── Information shown ──
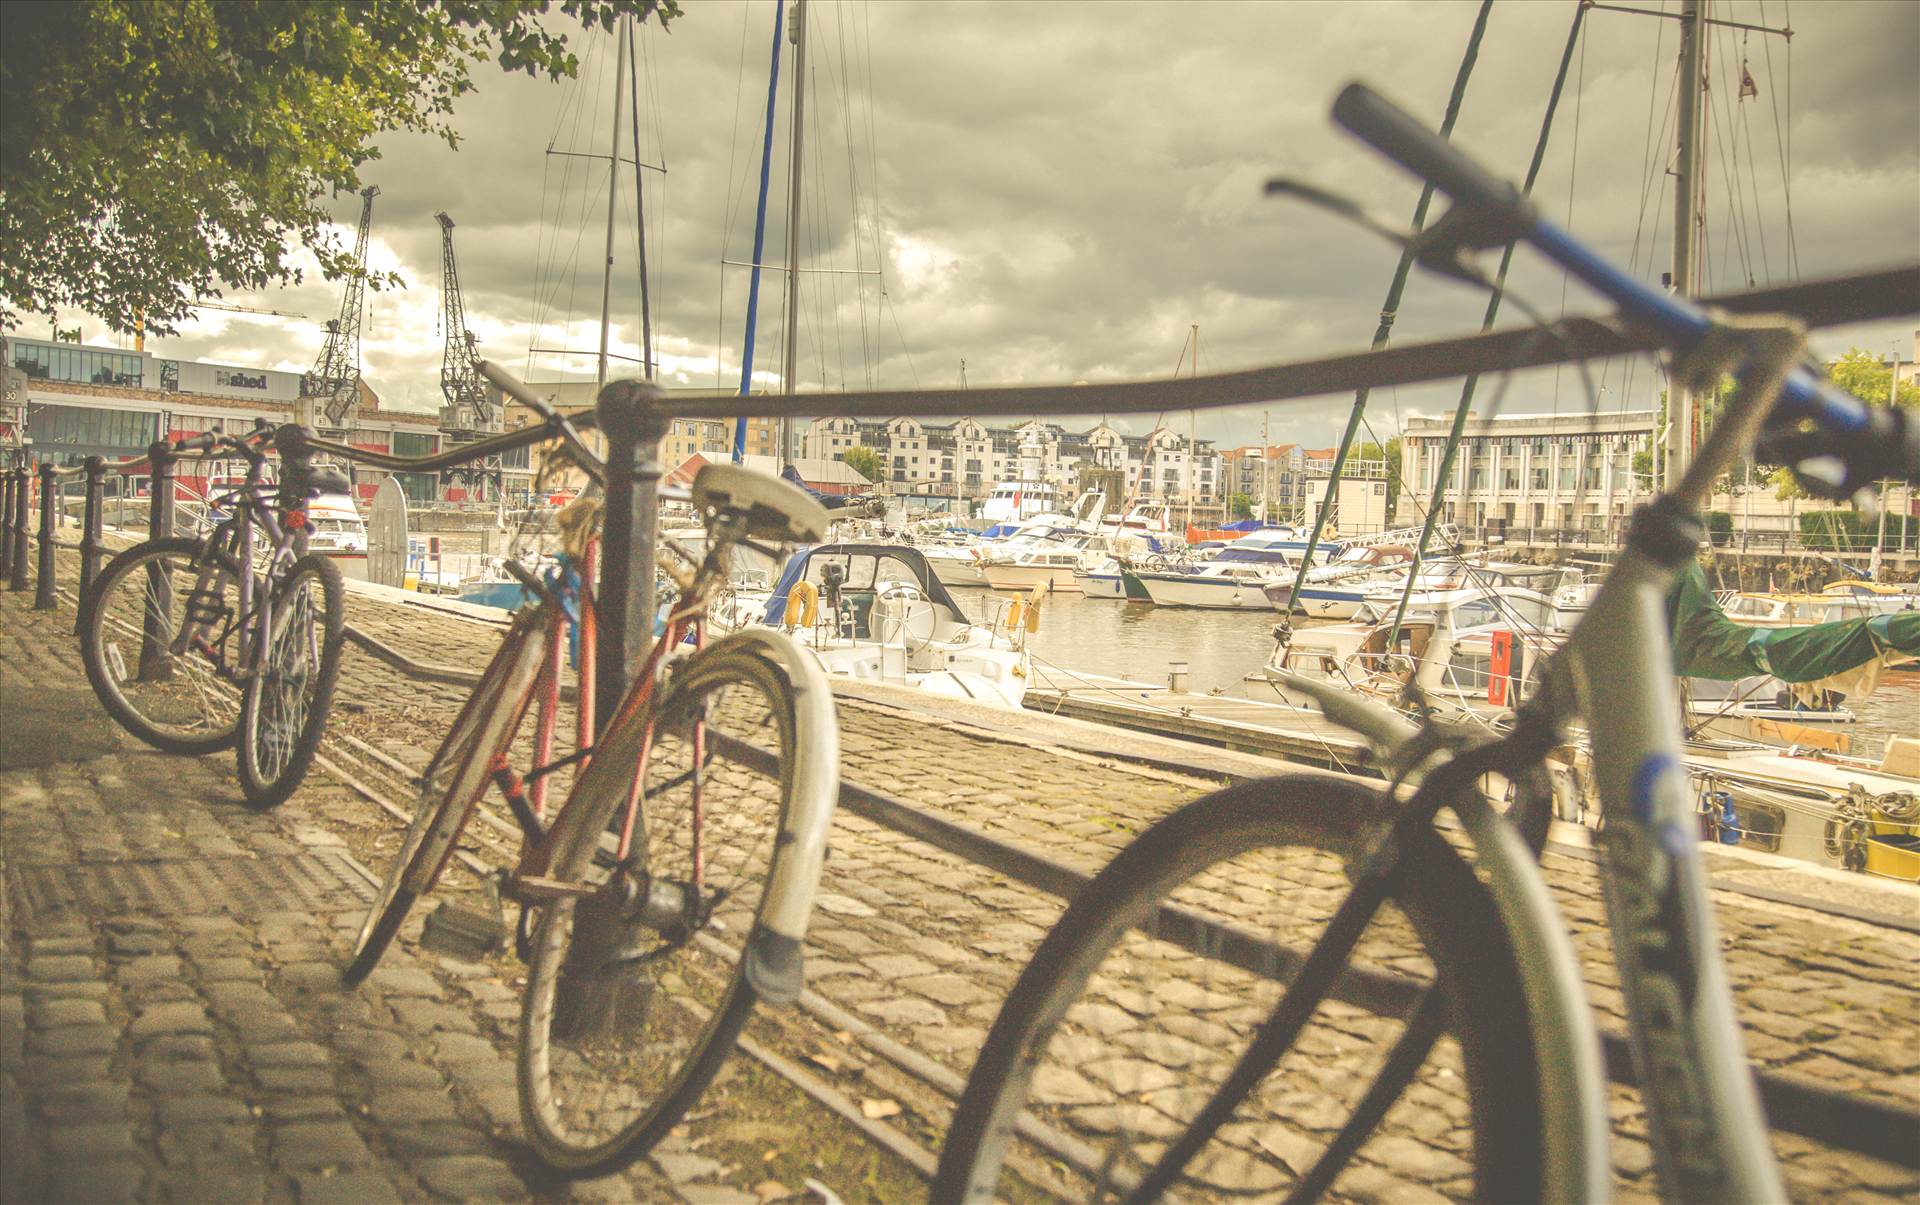 Bicycles at Harbourside 3.jpg  by WPC-187
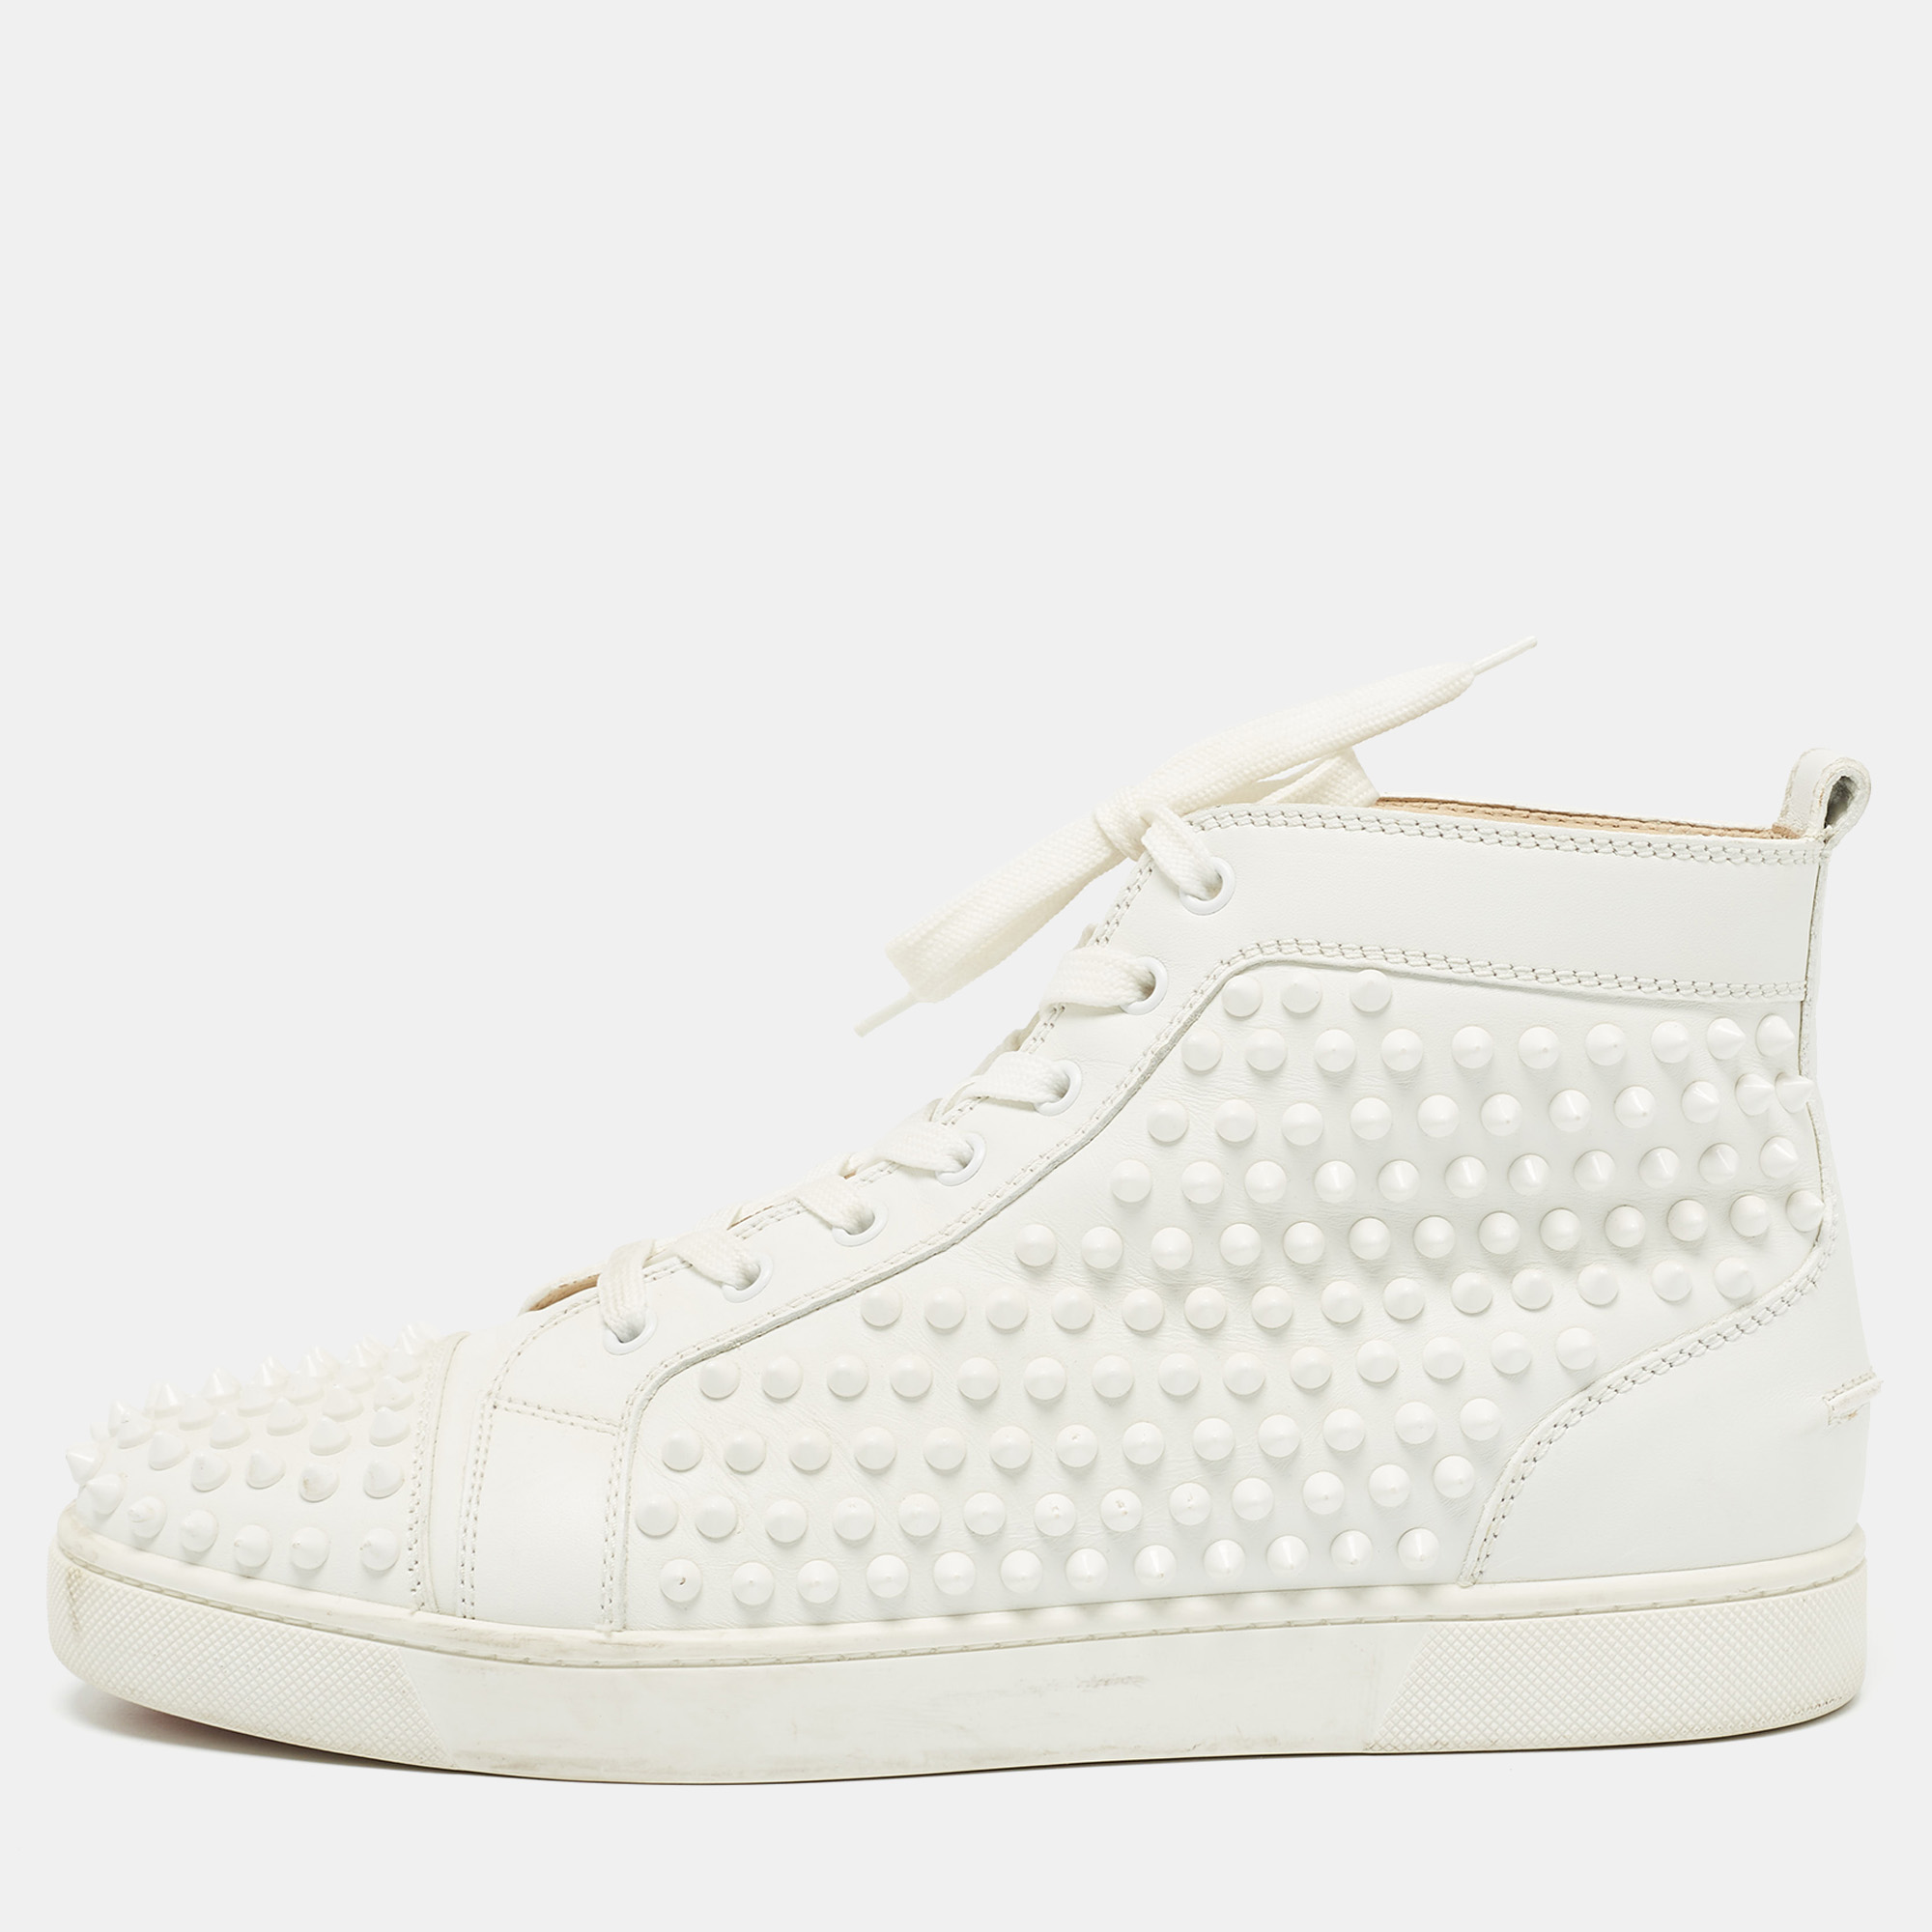 Christian louboutin white leather louis spikes high top sneakers size 42.5
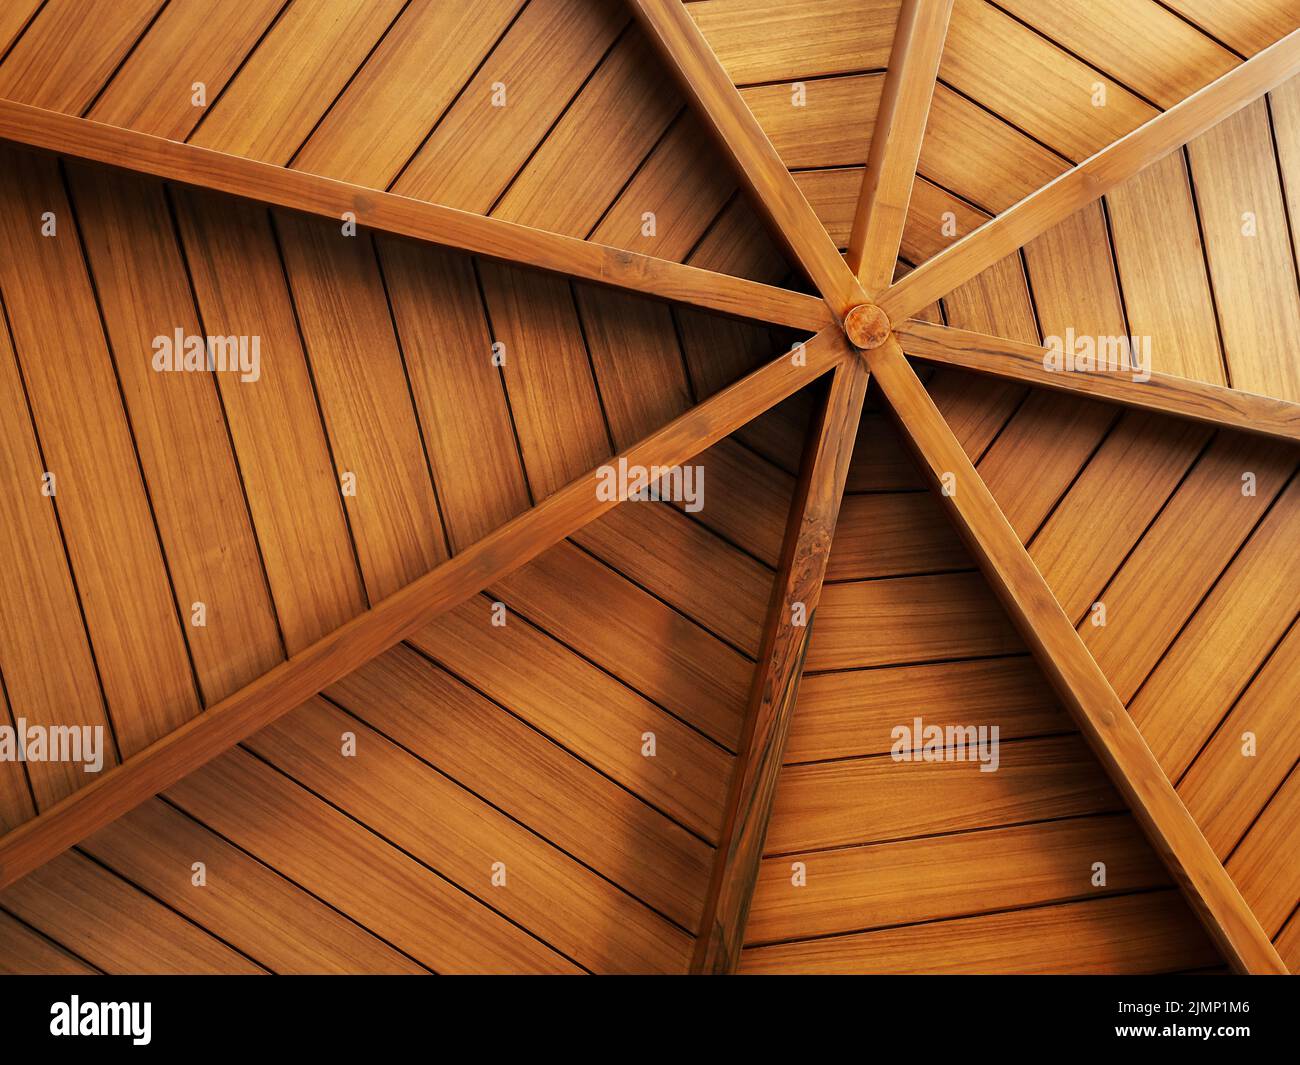 Wooden construction background, arranged to round shape, under the roof. Interior structure of a domed wood plank ceiling, circle pattern, spider web Stock Photo
───
Problem to solve:
Copy the lines exactly. Start at the line with "Christian louboutin white", end at the last line above, include both, and omit all pictures.

Solution to this problem:
 Christian louboutin white leather louis spikes high top sneakers size 42.5
 Wooden construction background, arranged to round shape, under the roof. Interior structure of a domed wood plank ceiling, circle pattern, spider web Stock Photo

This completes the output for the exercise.